If Jack weren’t dead, Brendan might just kill him himself.
Shepherding Daz into a passing hackney—difficult to do with the old man addressing the horse as his cousin Bridie and tut-tutting about her poor dead husband—they drove as far as Stephen Street, where the pair disembarked—after an exceedingly generous tip to the bemused driver—and walked the last remaining streets to Roseingrave’s house. Easier on foot to assess the risk. To approach with vigilance. If need be, to fade away quietly.
He glanced over at Daz, whose round-eyed, childlike gaze and odd attire were sparking curious looks from passersby.
So perhaps fading away was being a bit optimistic.
From a corner across the street, Brendan searched for indications the town house was being watched. No sign of surveillance. No tracing brush of mage energy against his mind. He decided to take that as a sign the brotherhood remained ignorant of Helena’s rogue activities.
His mouth curled in a smirk as he stepped off the pavement. Perhaps Jack and she were more alike than Brendan had first thought.
Climbing the steps, he paused just before lifting the knocker.
Was it the subtle hint of the front door hanging slightly ajar?
Or the follow-up smack over the head of a dog snarling and barking ending in the crash of shattering glassware?
Either way, Brendan drew his knife free of its sheath before he tipped the door wider. Motioned Daz to remain behind.

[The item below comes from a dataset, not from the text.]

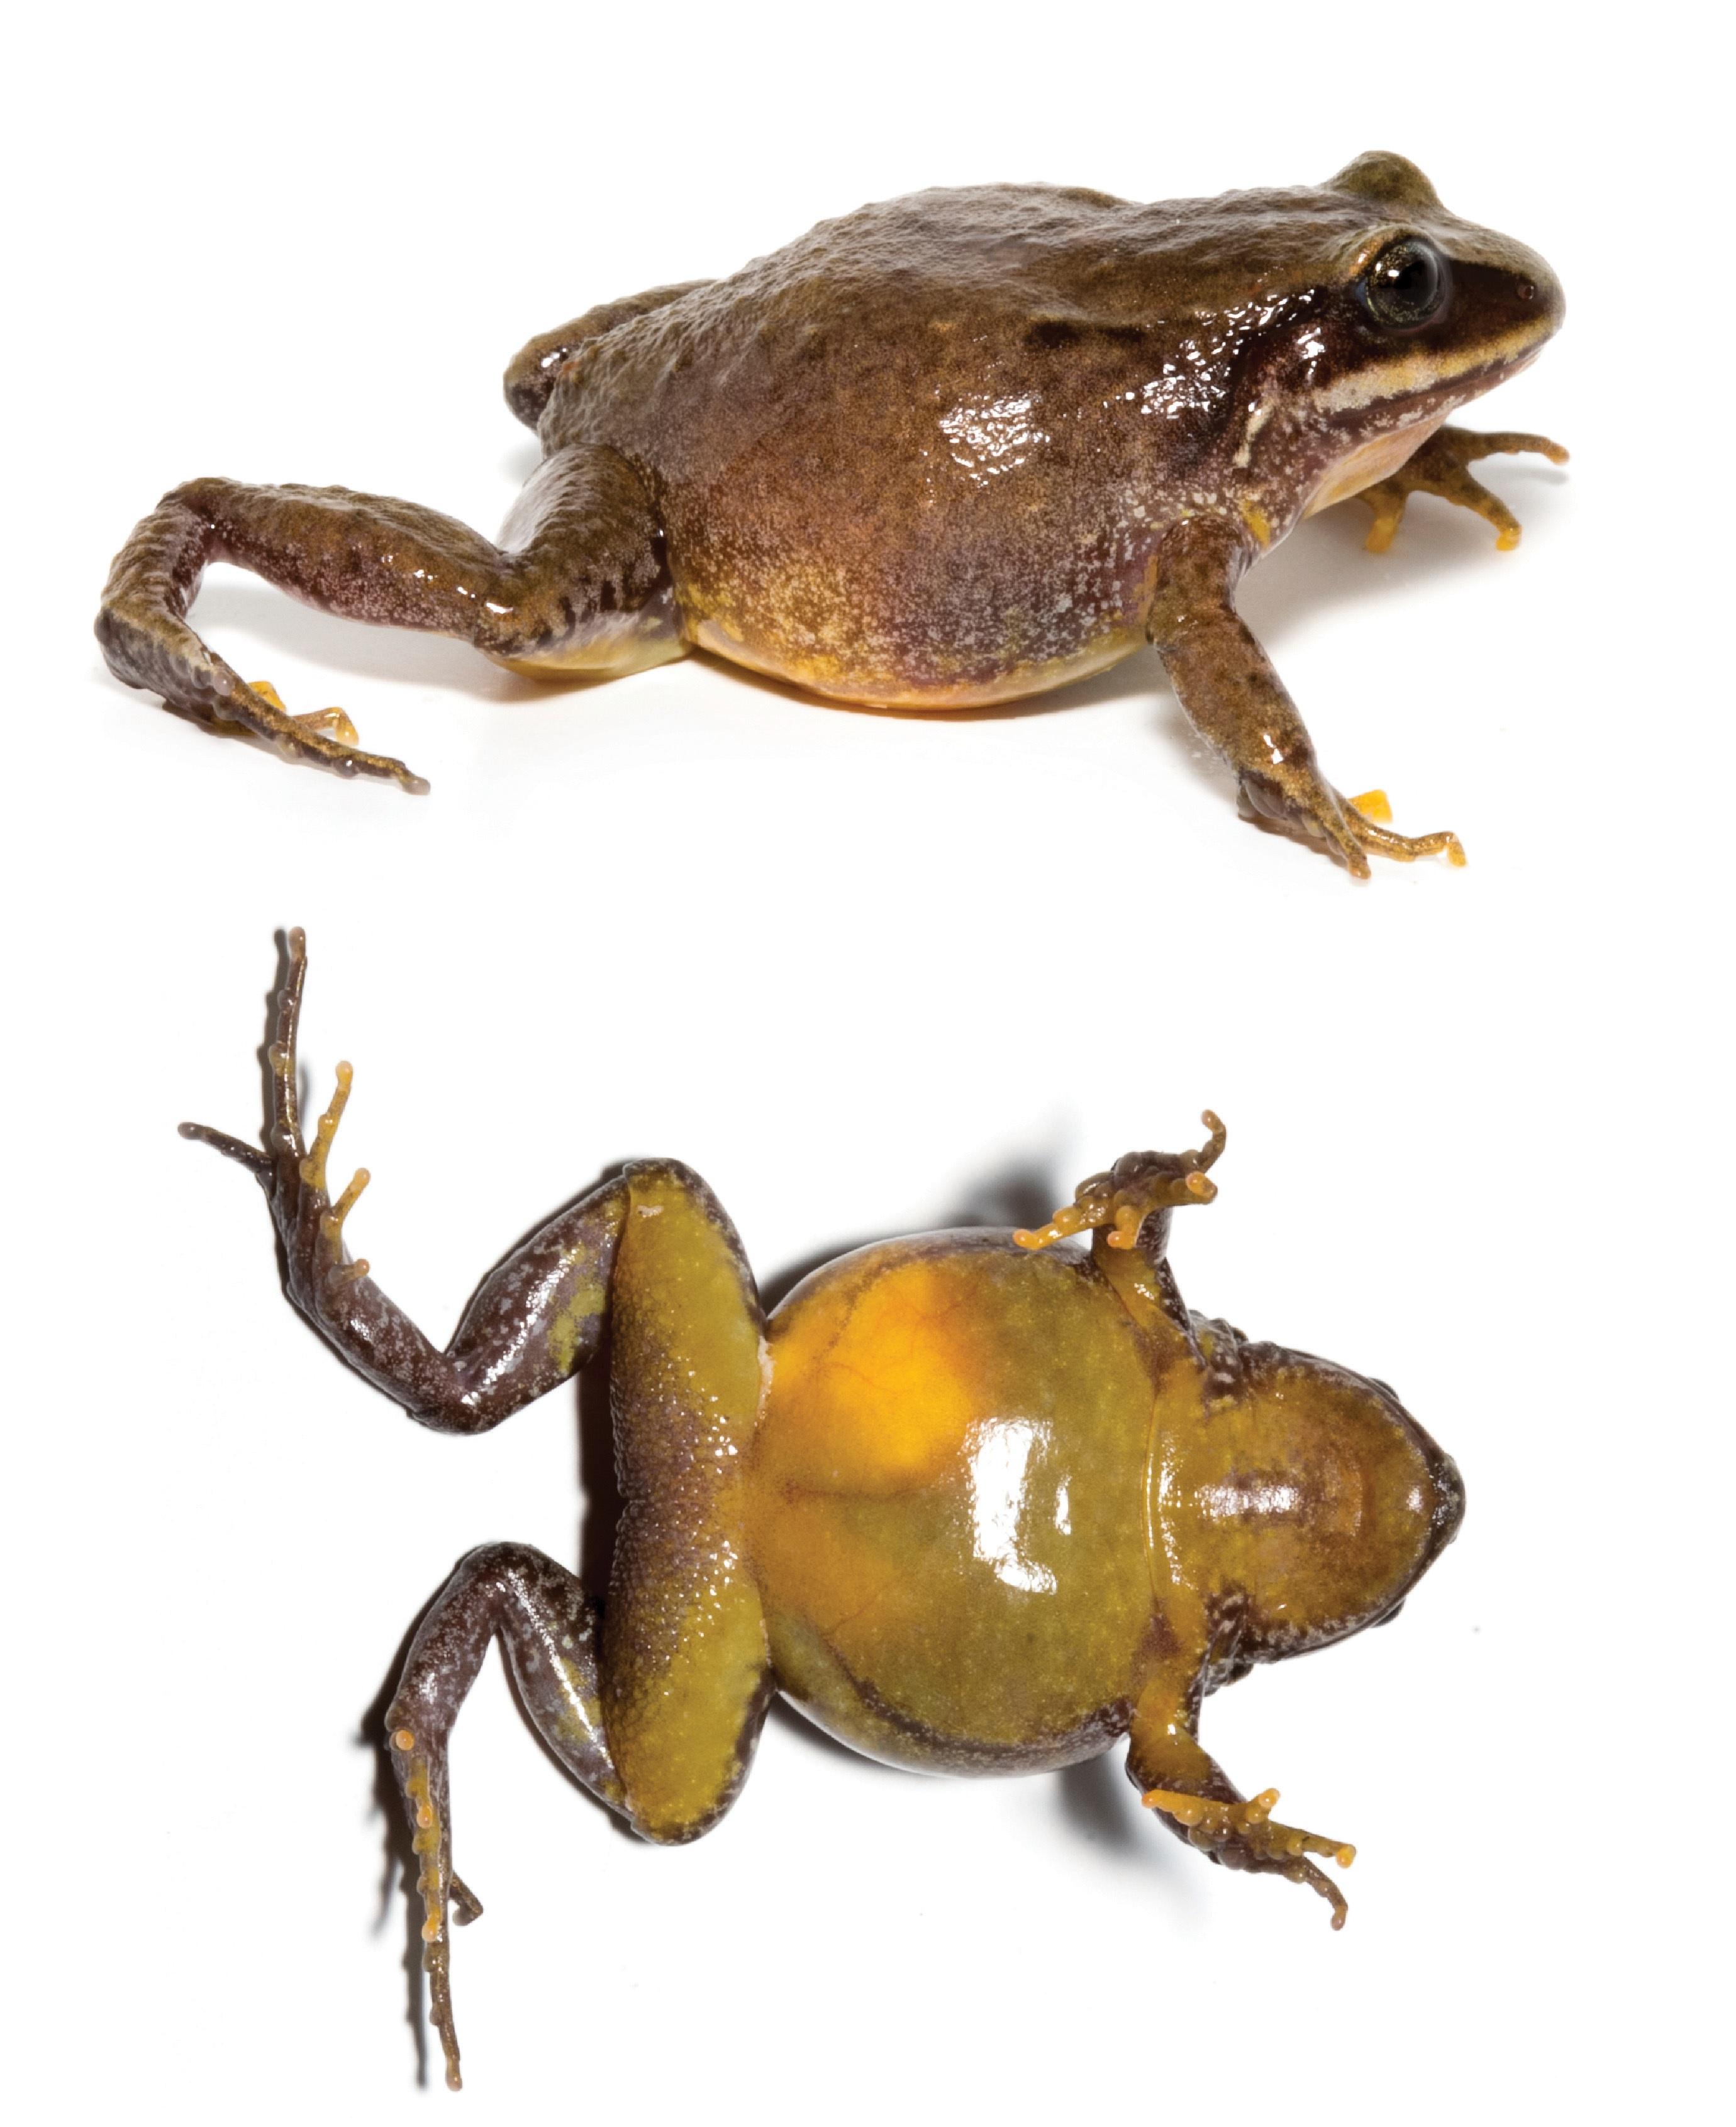 Lynchius parkery. Vista dorsal y vental de esta especie que habita entre Ecuador y Perú. Su nuevo registro muestra que la diversidad del género Lynchius está subestimada. Foto: Juan Carlos Sánchez-Nivicela.
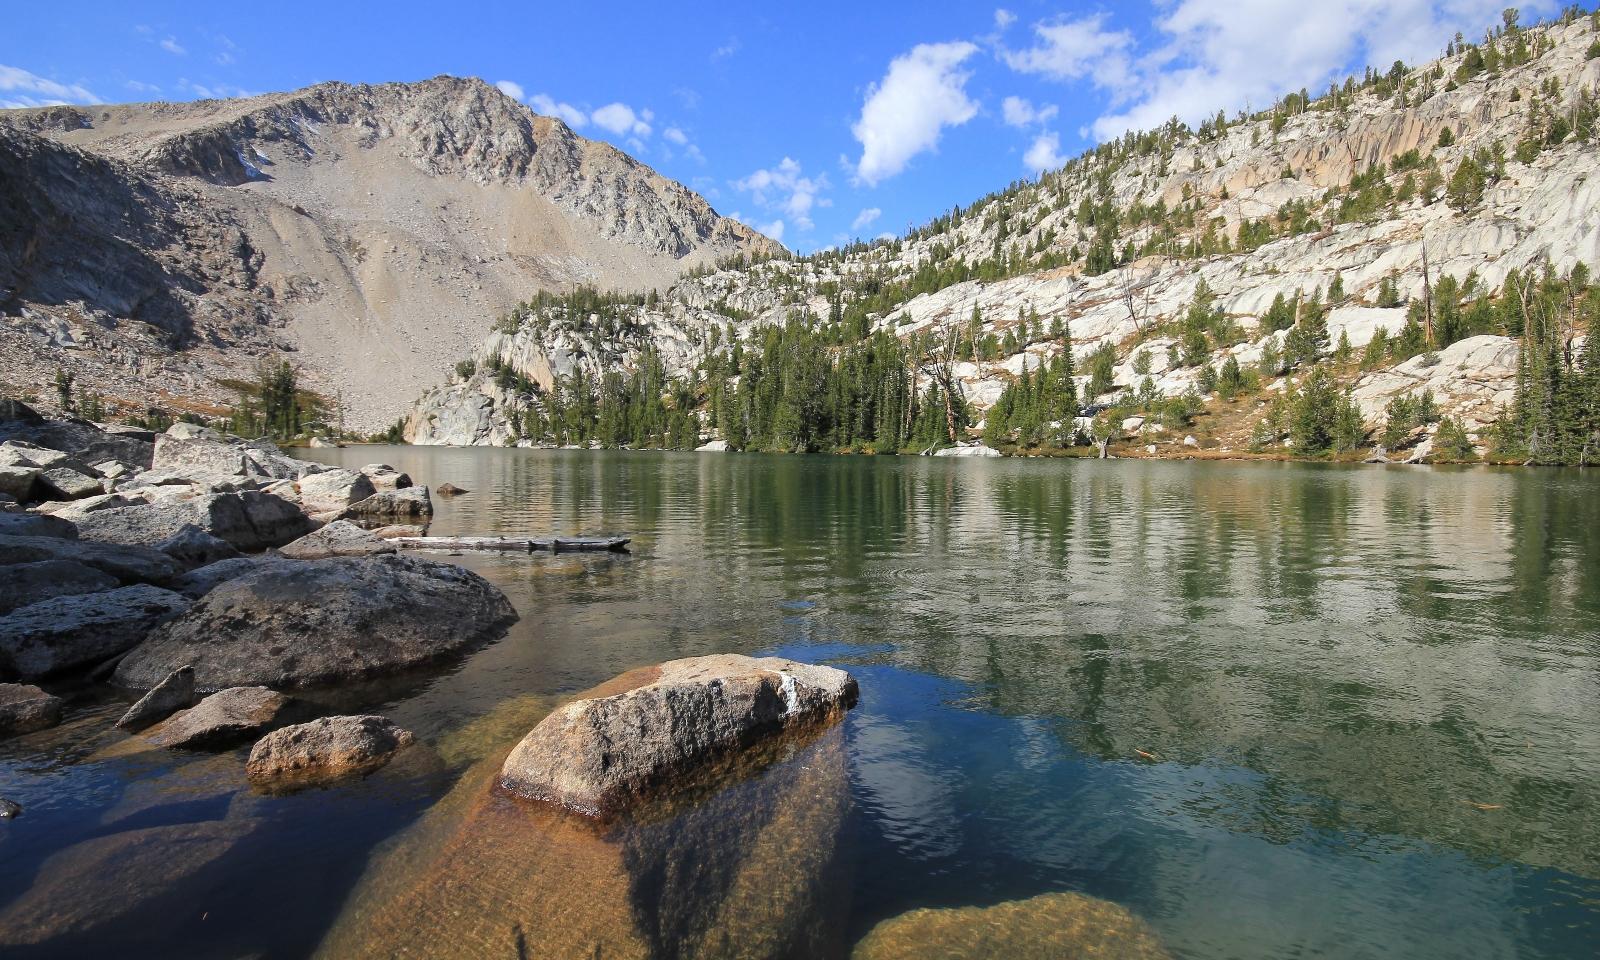 09-26-15 Island Lake (109)

The entry hall was empty. A glance to the right into the parlor and a left into the dining room showed him nothing out of place. The noise came from the floors above. Killer’s frantic yaps, a pained yelp, and then nothing more. Not a promising sign.
Where the hell was Rogan? And more importantly, where was Lissa? Damn it, if anything happened to her . . .
He restrained the impulse to take the stairs three at a time, death in his heart. Instead, he crept step by interminable step
, praying to any god that might hear him to keep her safe until he could get to her.
A shadow fell across the upper corridor. “Get the girl. She’ll tell us what she knows or we’ll have the tongue from her head.”
Máelodor’s men. But how had they tracked him to Duke Street? He and Helena had been meticulous as they laid their trail that none could track him back here.
A sharp stab of laughter followed. “Aye, Croker. She’s a luscious little peach. Any chance of—”
“Keep your prick buttoned up, lad. Time enough for that if we have to get rough.”
Rage burned along Brendan’s veins like acid as he tightened his grip on the blade’s handle. Felt for the comforting bulge of the pistol in his pocket.
A man appeared around the door.
Brendan never hesitated. He sent his dagger on a whistling arc, knocking the would-be rapist back against the wall, a blade buried hilt-deep in his chest.
The man called Croker shoved his way into the passage with a curse. “What the hell?”
No time for finesse, Brendan drew his pistol, cocked the hammer, and fired.
This time his aim was not quite so true. The bullet exploded into the plaster to the right of the man’s head, spraying him with chalky dust.
He swung around, his gaze narrowing in concentration, words already whispering the curse that sent Brendan to the floor in a twitch of fried nerves.
Mage energy sizzled through him like lightning. Shredding muscle. Knifing tendons. He howled against the agony even as he focused long enough to parry the curse with his own spell.
The man froze for a moment, an odd confusion marring his features as the pain eased in Brendan’s chest. He could breathe again. He could stand.
But it was a short-lived victory.
A second figure stepped from the parlor, adding his strength to the fight. Two against one. The pair of them working in tandem to overwhelm his defenses. Even as he staggered to his feet, an insidious curdling cold infected him. A teeth-chattering arctic burn pulled along veins toward his heart.
He clenched his jaw, limbs as unresponsive as if he’d been plunged into a frozen sea. There was nothing to break the icy grip upon him. His mind seemed to divorce itself from his body. He couldn’t concentrate. Couldn’t think.